*** Begin section ***

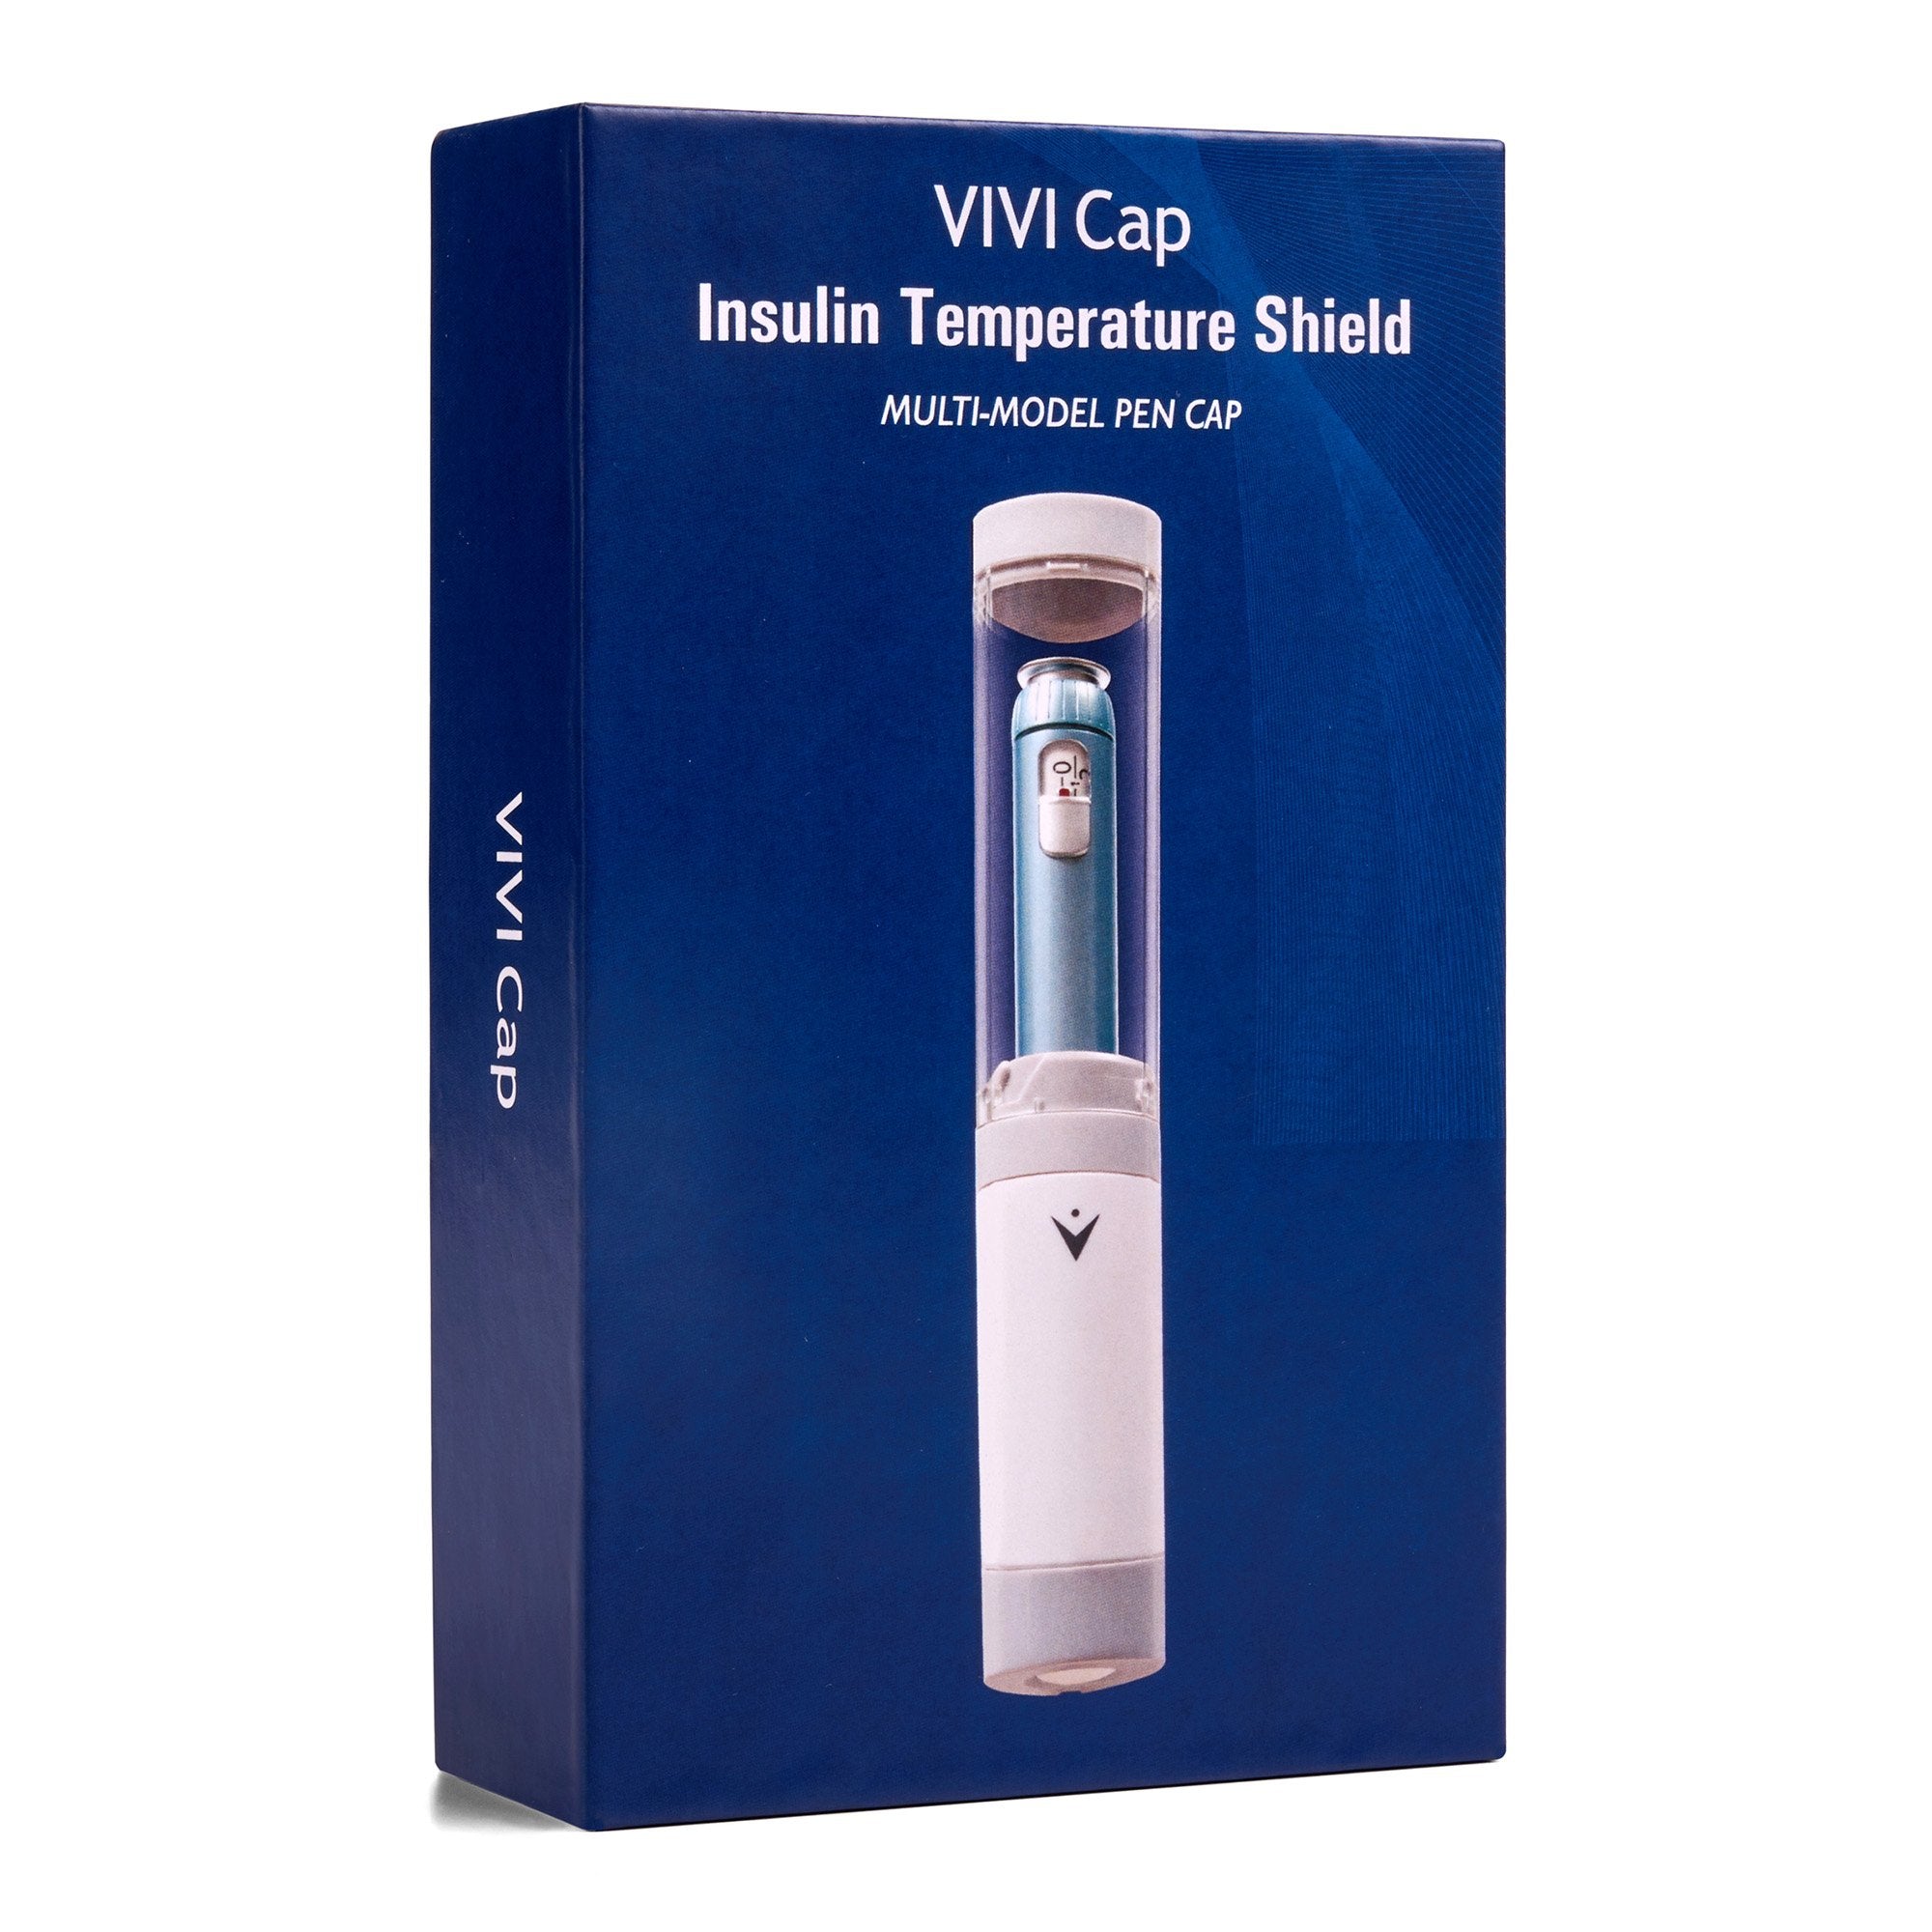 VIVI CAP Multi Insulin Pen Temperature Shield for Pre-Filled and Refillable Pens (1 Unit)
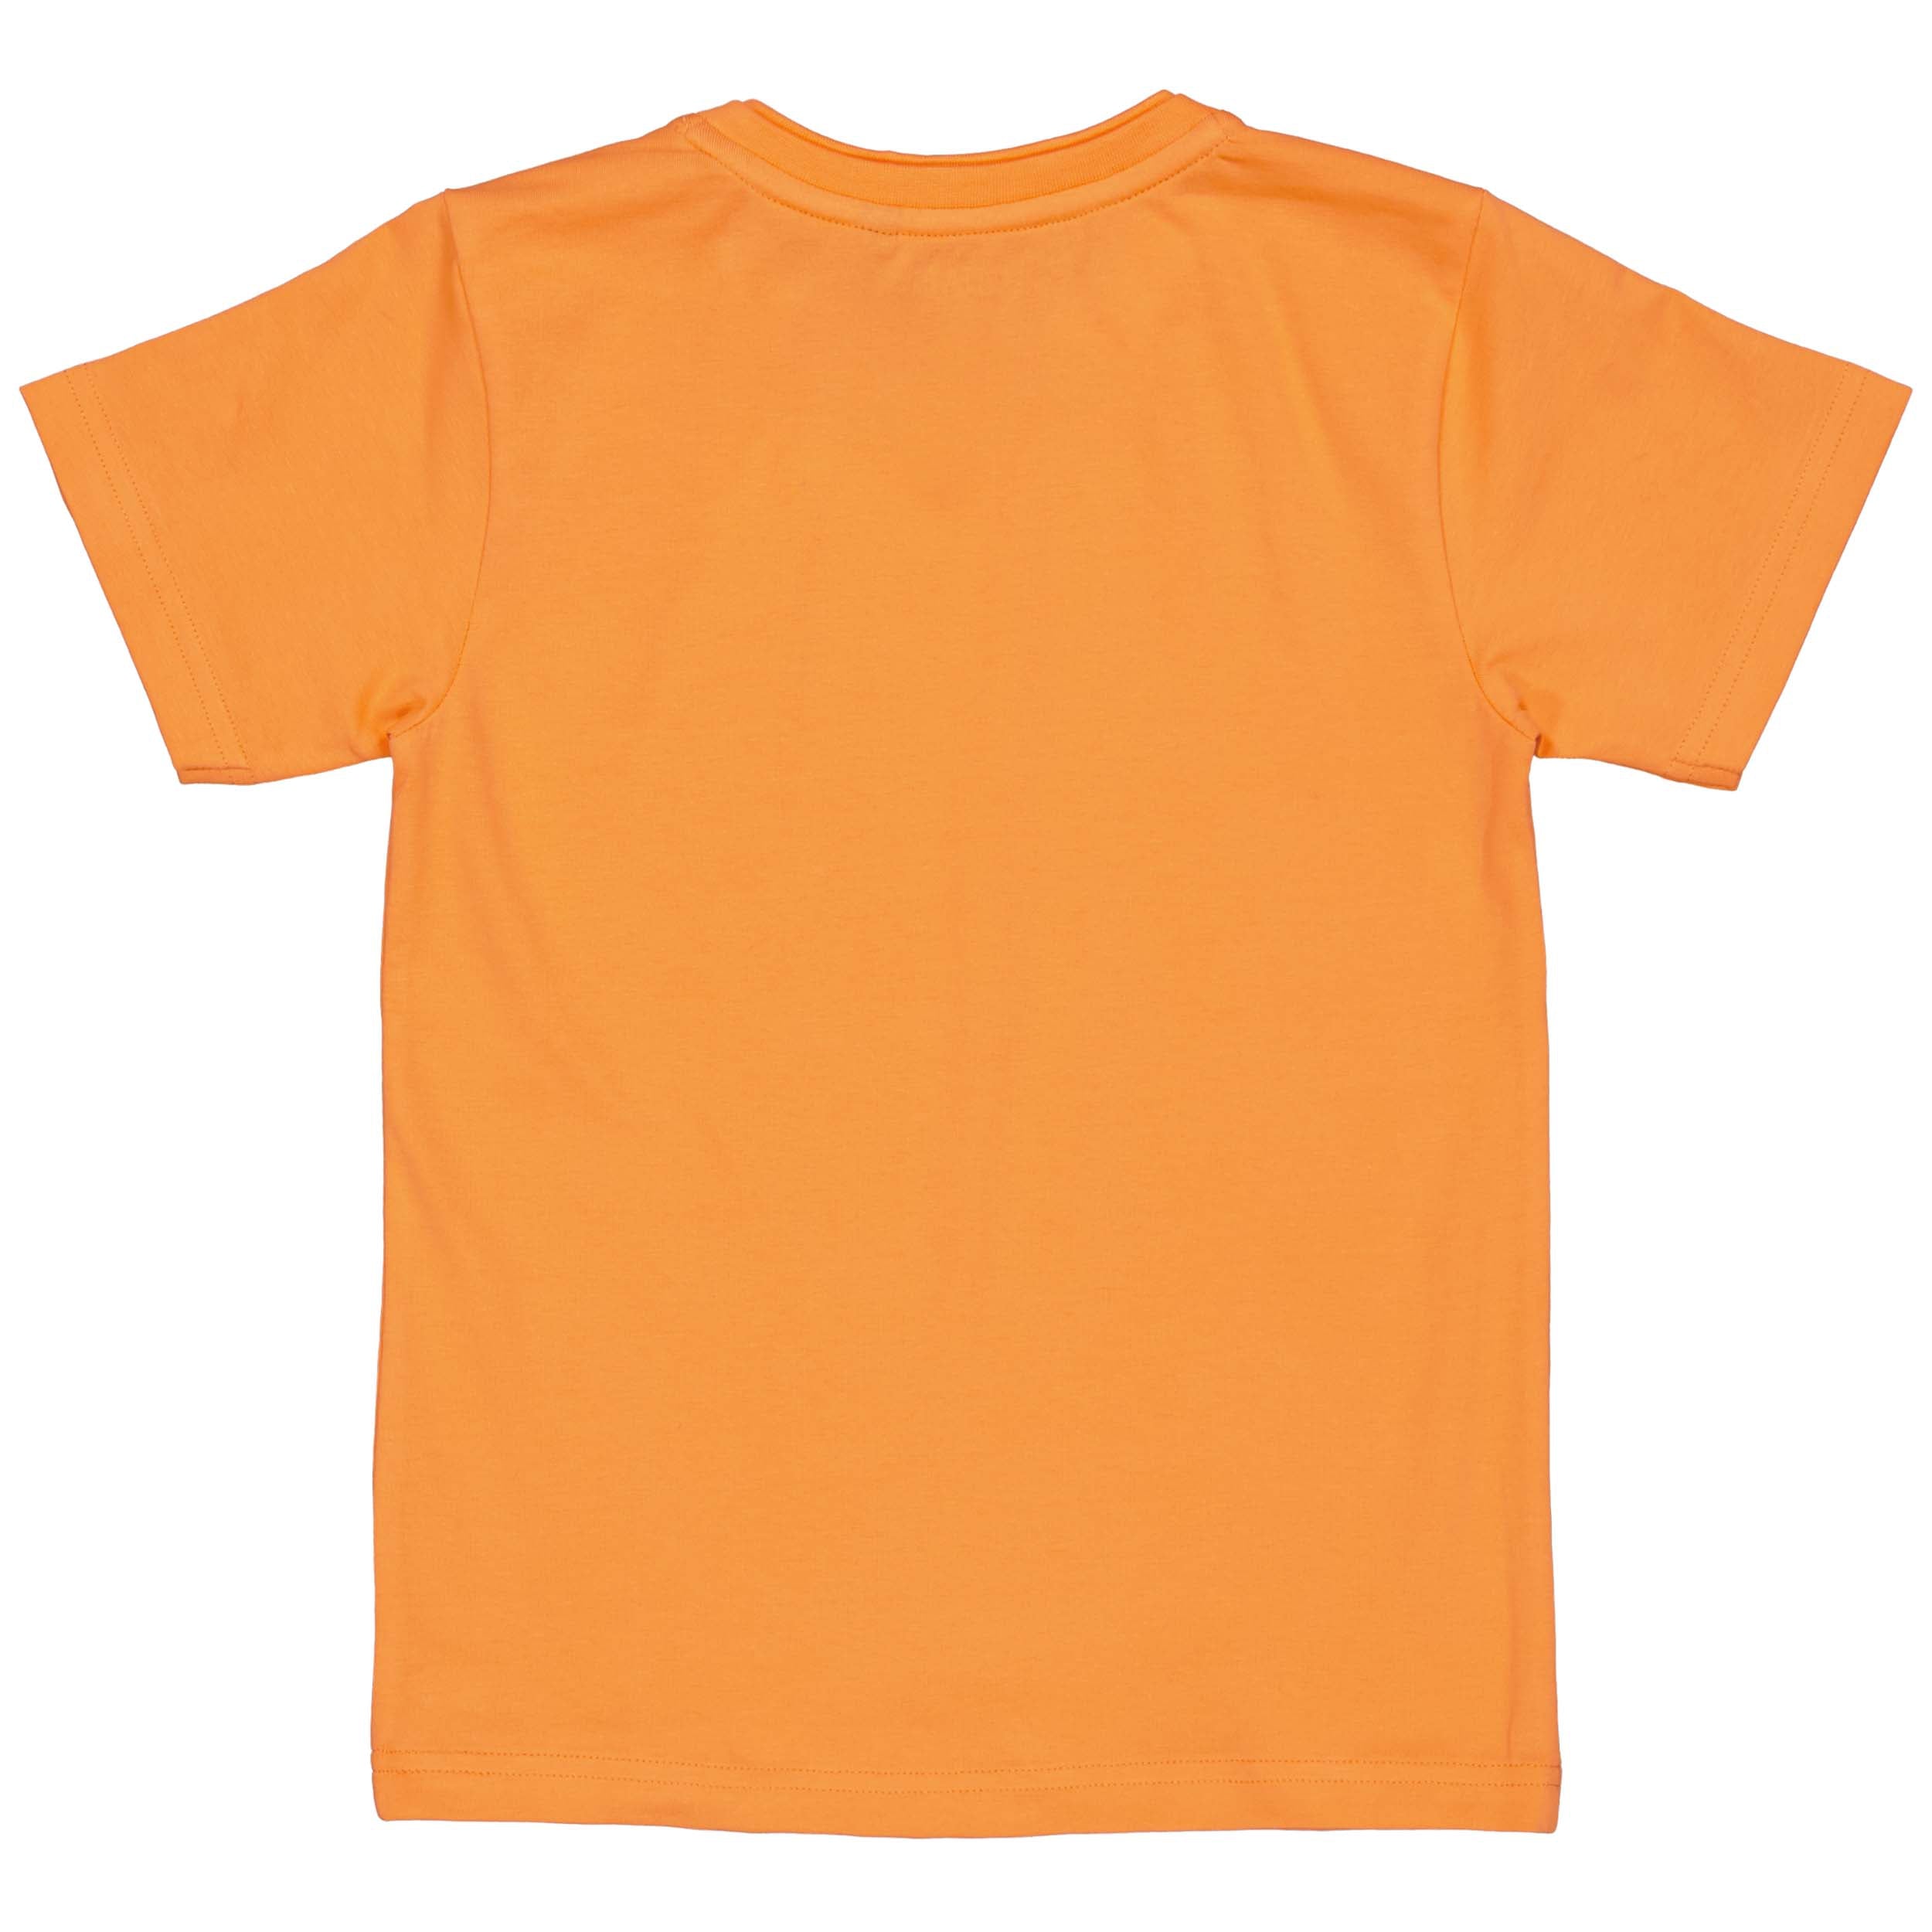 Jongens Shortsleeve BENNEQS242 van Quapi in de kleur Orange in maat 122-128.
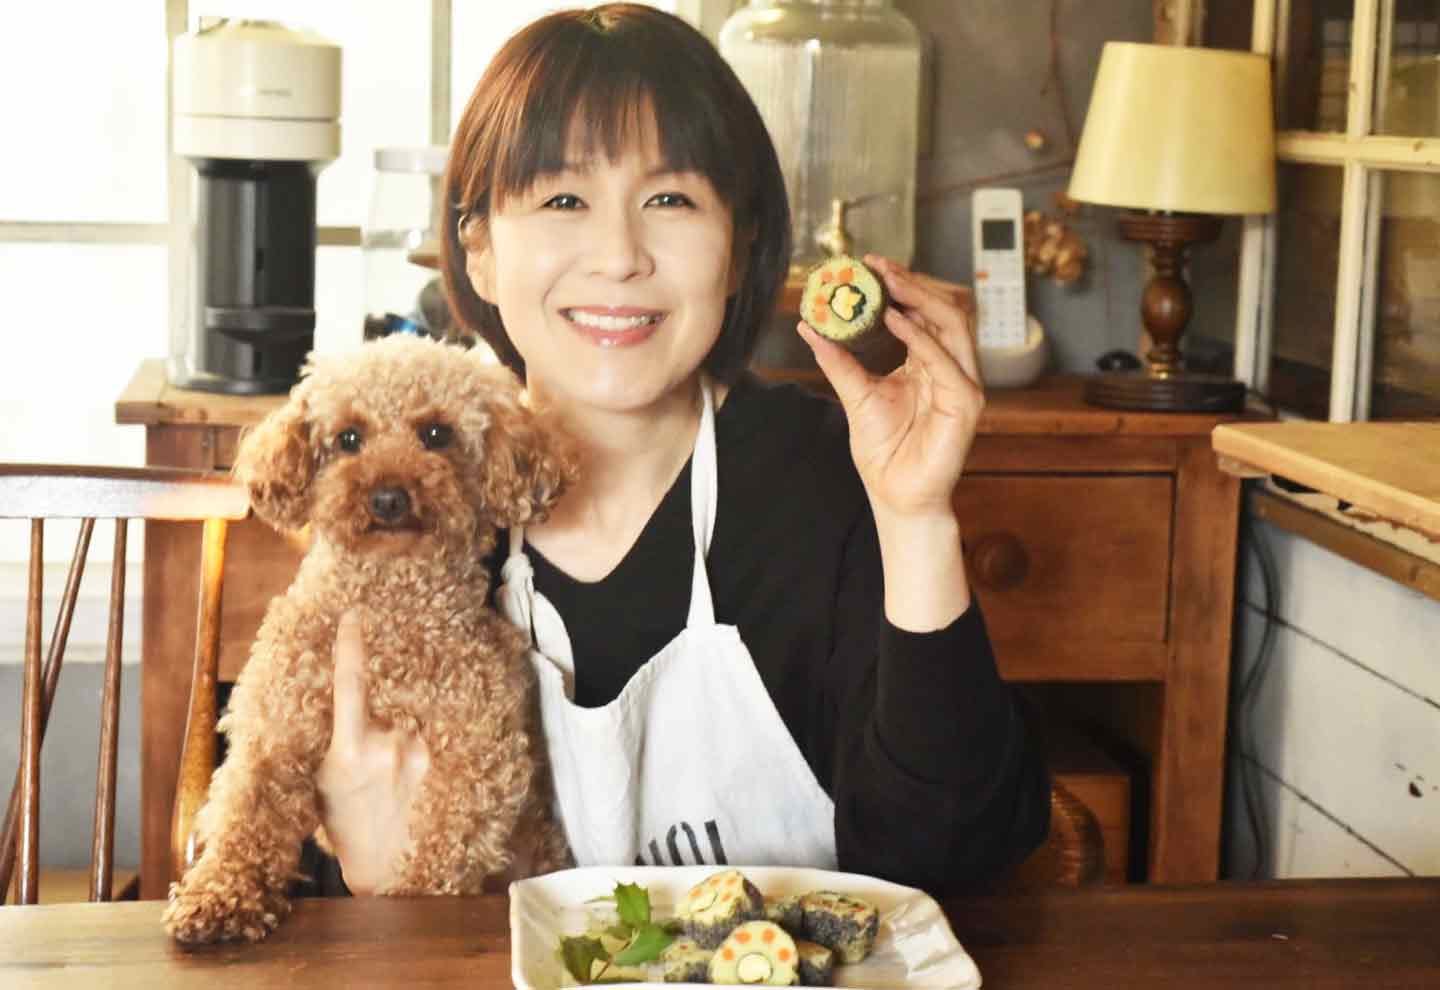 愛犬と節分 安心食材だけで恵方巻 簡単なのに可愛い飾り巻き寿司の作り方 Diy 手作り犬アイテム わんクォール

*** End section ***

= PROBLEM DETAILS =
Word for word, write out the full listing, leaving the pictures aside.

= TASK RESULT =
 VIVI CAP Multi Insulin Pen Temperature Shield for Pre-Filled and Refillable Pens (1 Unit)
 Jongens Shortsleeve BENNEQS242 van Quapi in de kleur Orange in maat 122-128.
 愛犬と節分 安心食材だけで恵方巻 簡単なのに可愛い飾り巻き寿司の作り方 Diy 手作り犬アイテム わんクォール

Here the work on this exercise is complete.